== REQUIRED WORK ==
Pictures excluded, copy word for word the lines from the one holding "Nasa's Mars rover" through the last line below.

== INFORMATION PROVIDED ==

○ ○ ○ ○

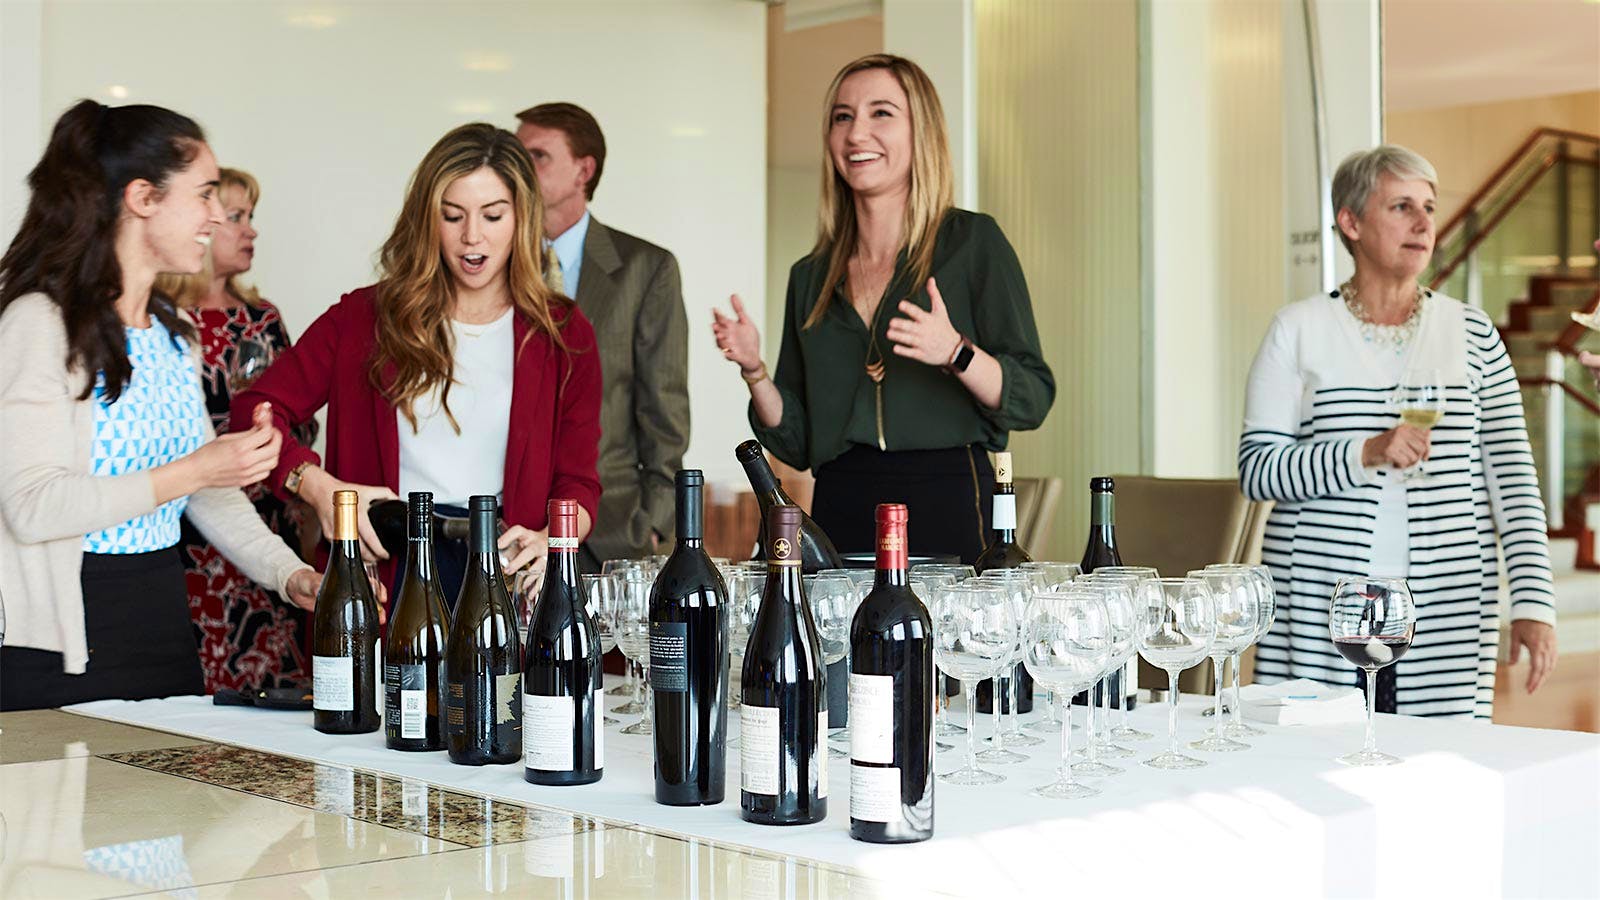 Group of law firm employees gathered for a wine tasting, with bottles and glasses on a table.
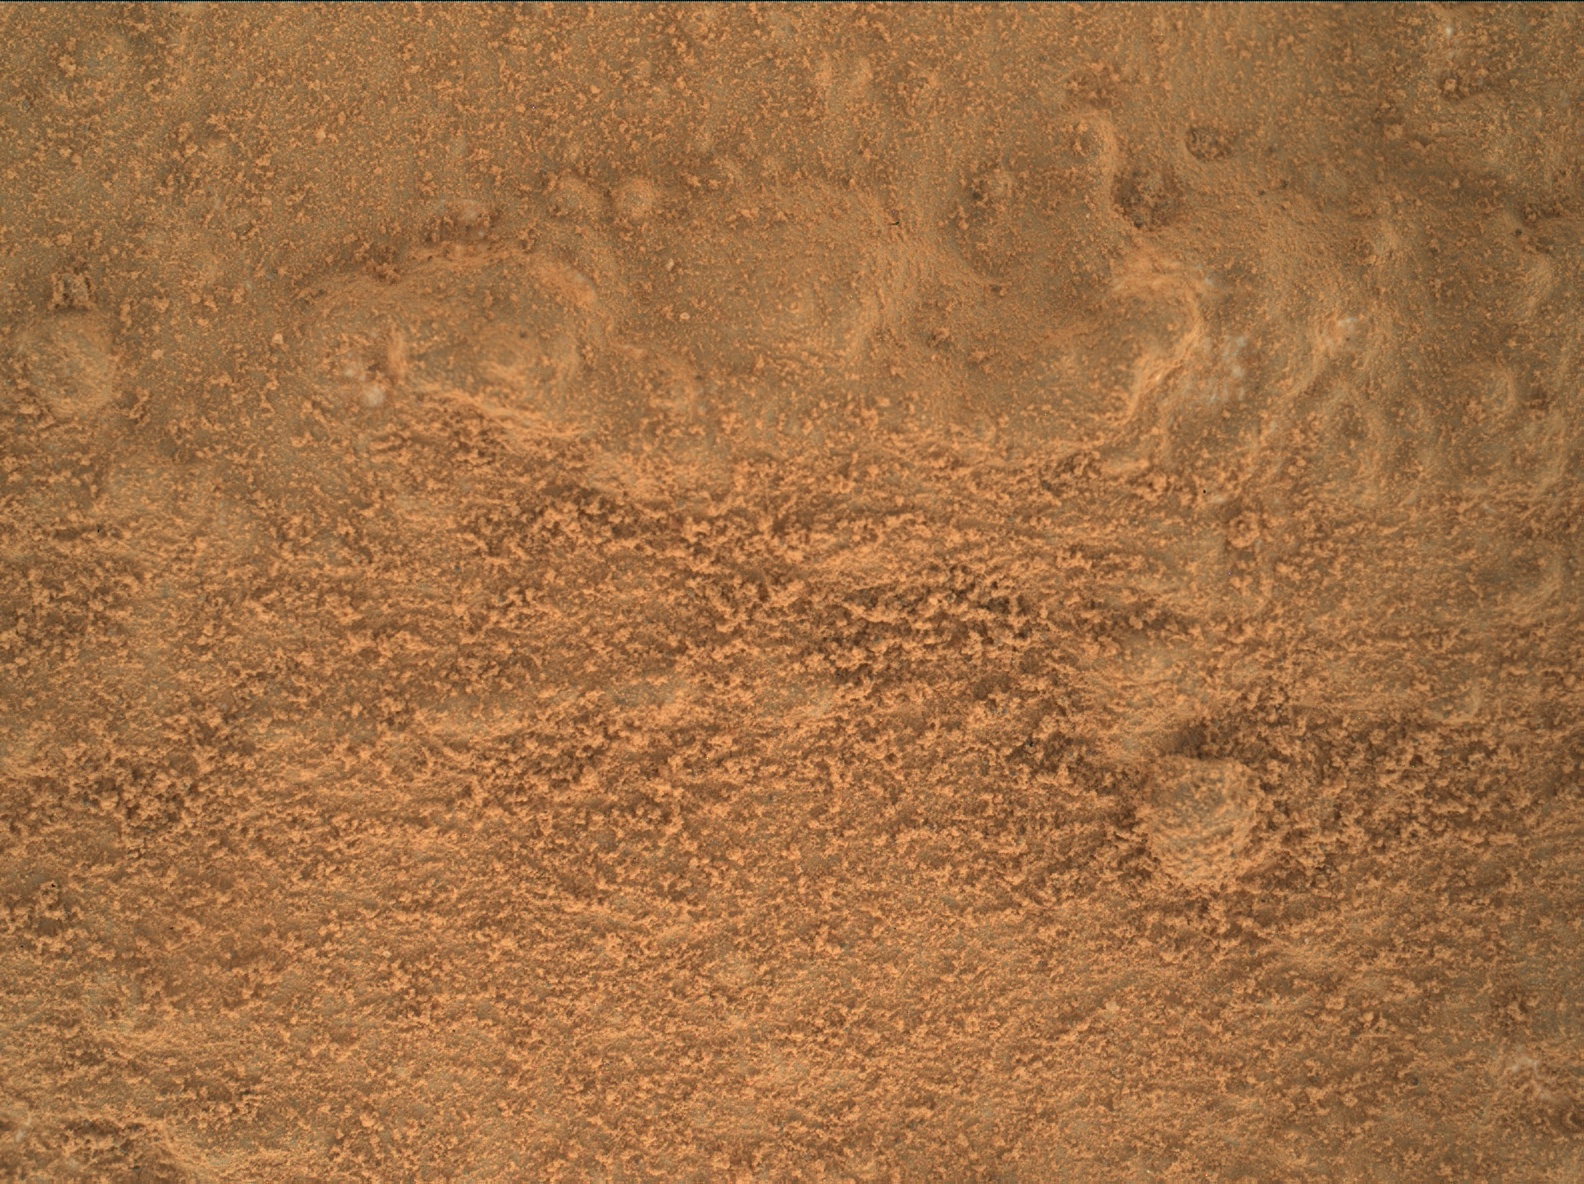 Nasa's Mars rover Curiosity acquired this image using its Mars Hand Lens Imager (MAHLI) on Sol 168
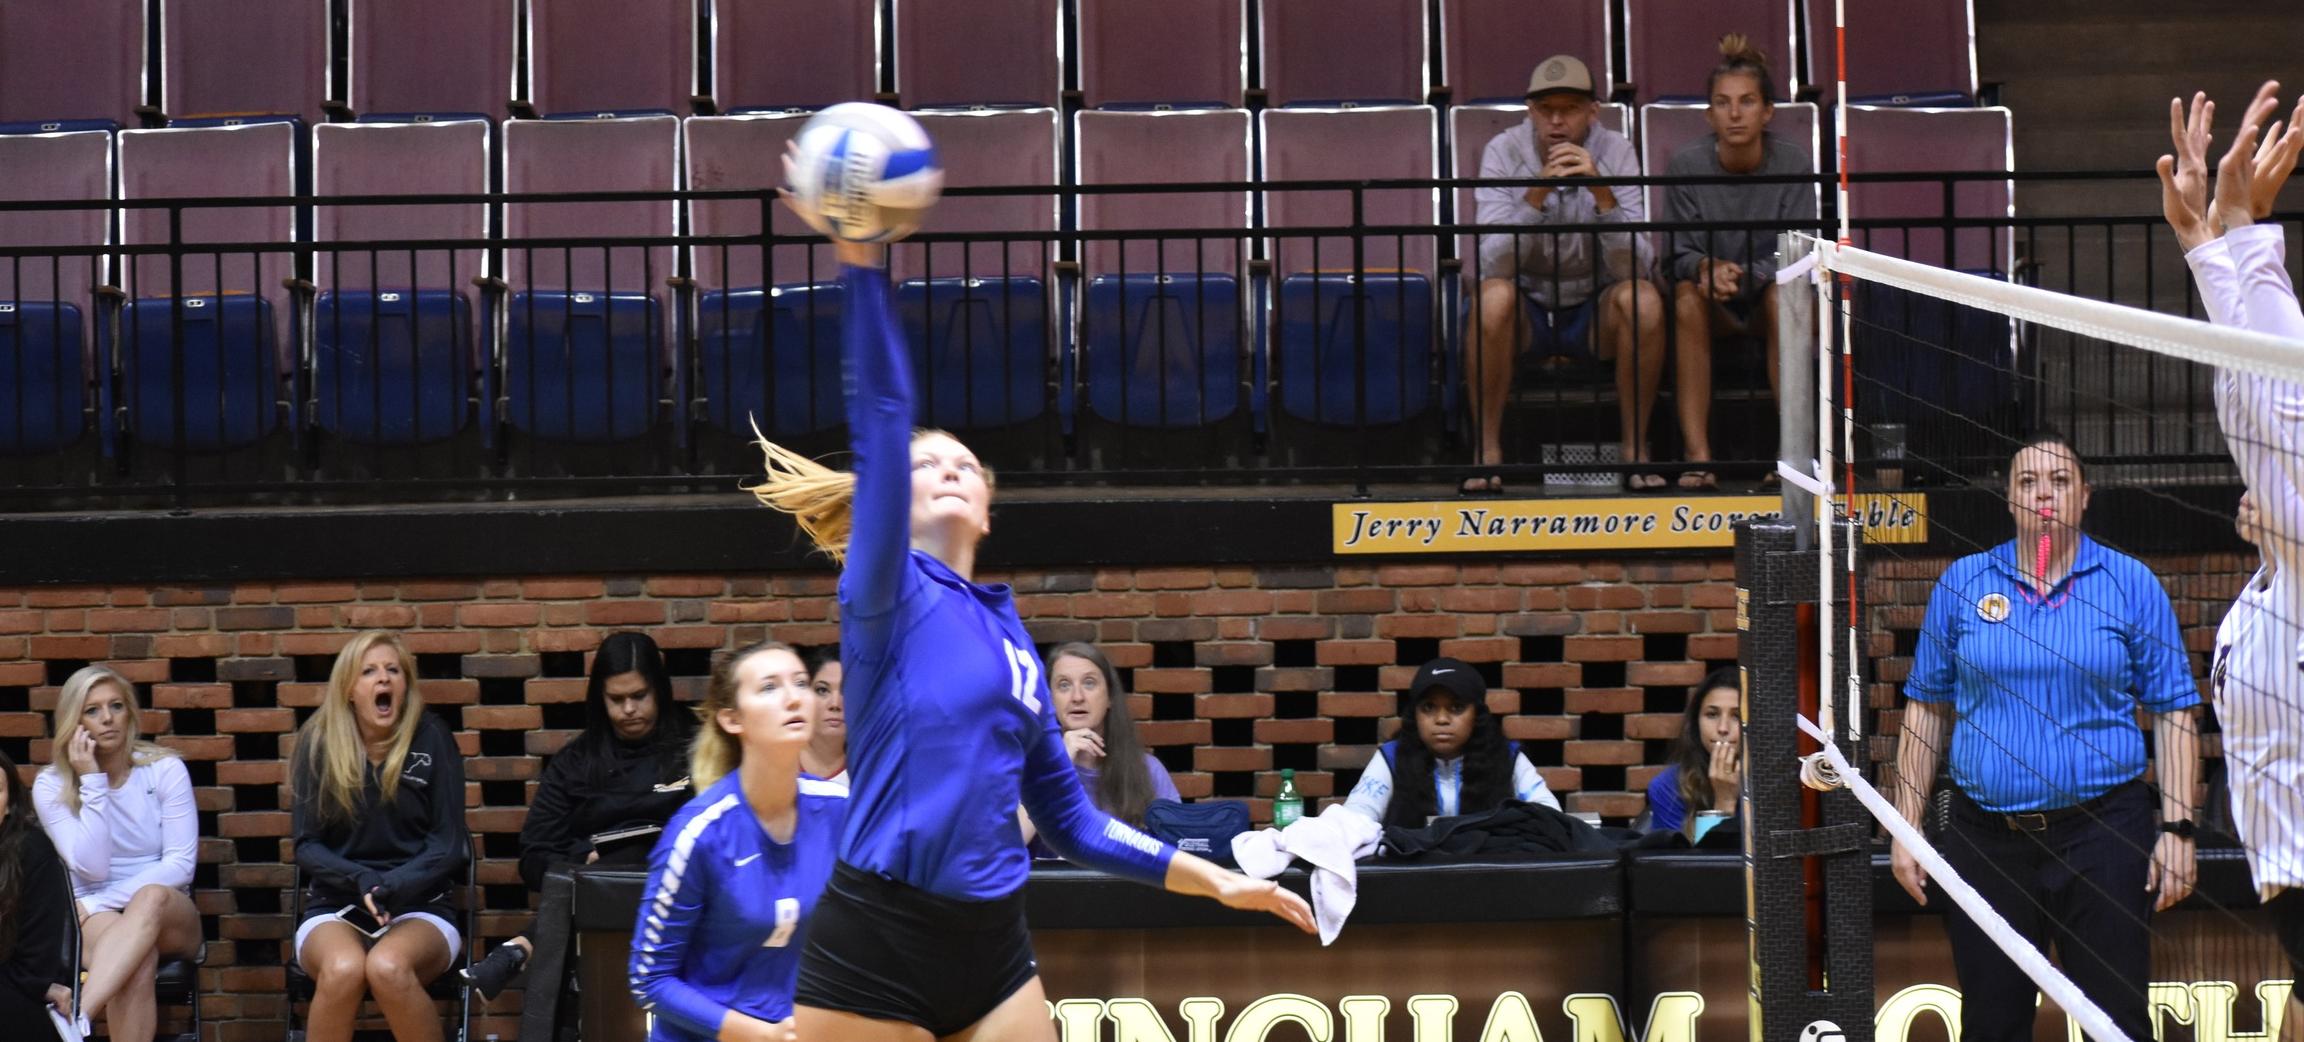 Senior middle-hitter Raley Shirey tallied a career-high 11 kills in Saturday's season-opening victory over Agnes Scott.

○ ○ ○ ○

== OUTPUT OF THE EXERCISE ==
 Nasa's Mars rover Curiosity acquired this image using its Mars Hand Lens Imager (MAHLI) on Sol 168
 Senior middle-hitter Raley Shirey tallied a career-high 11 kills in Saturday's season-opening victory over Agnes Scott.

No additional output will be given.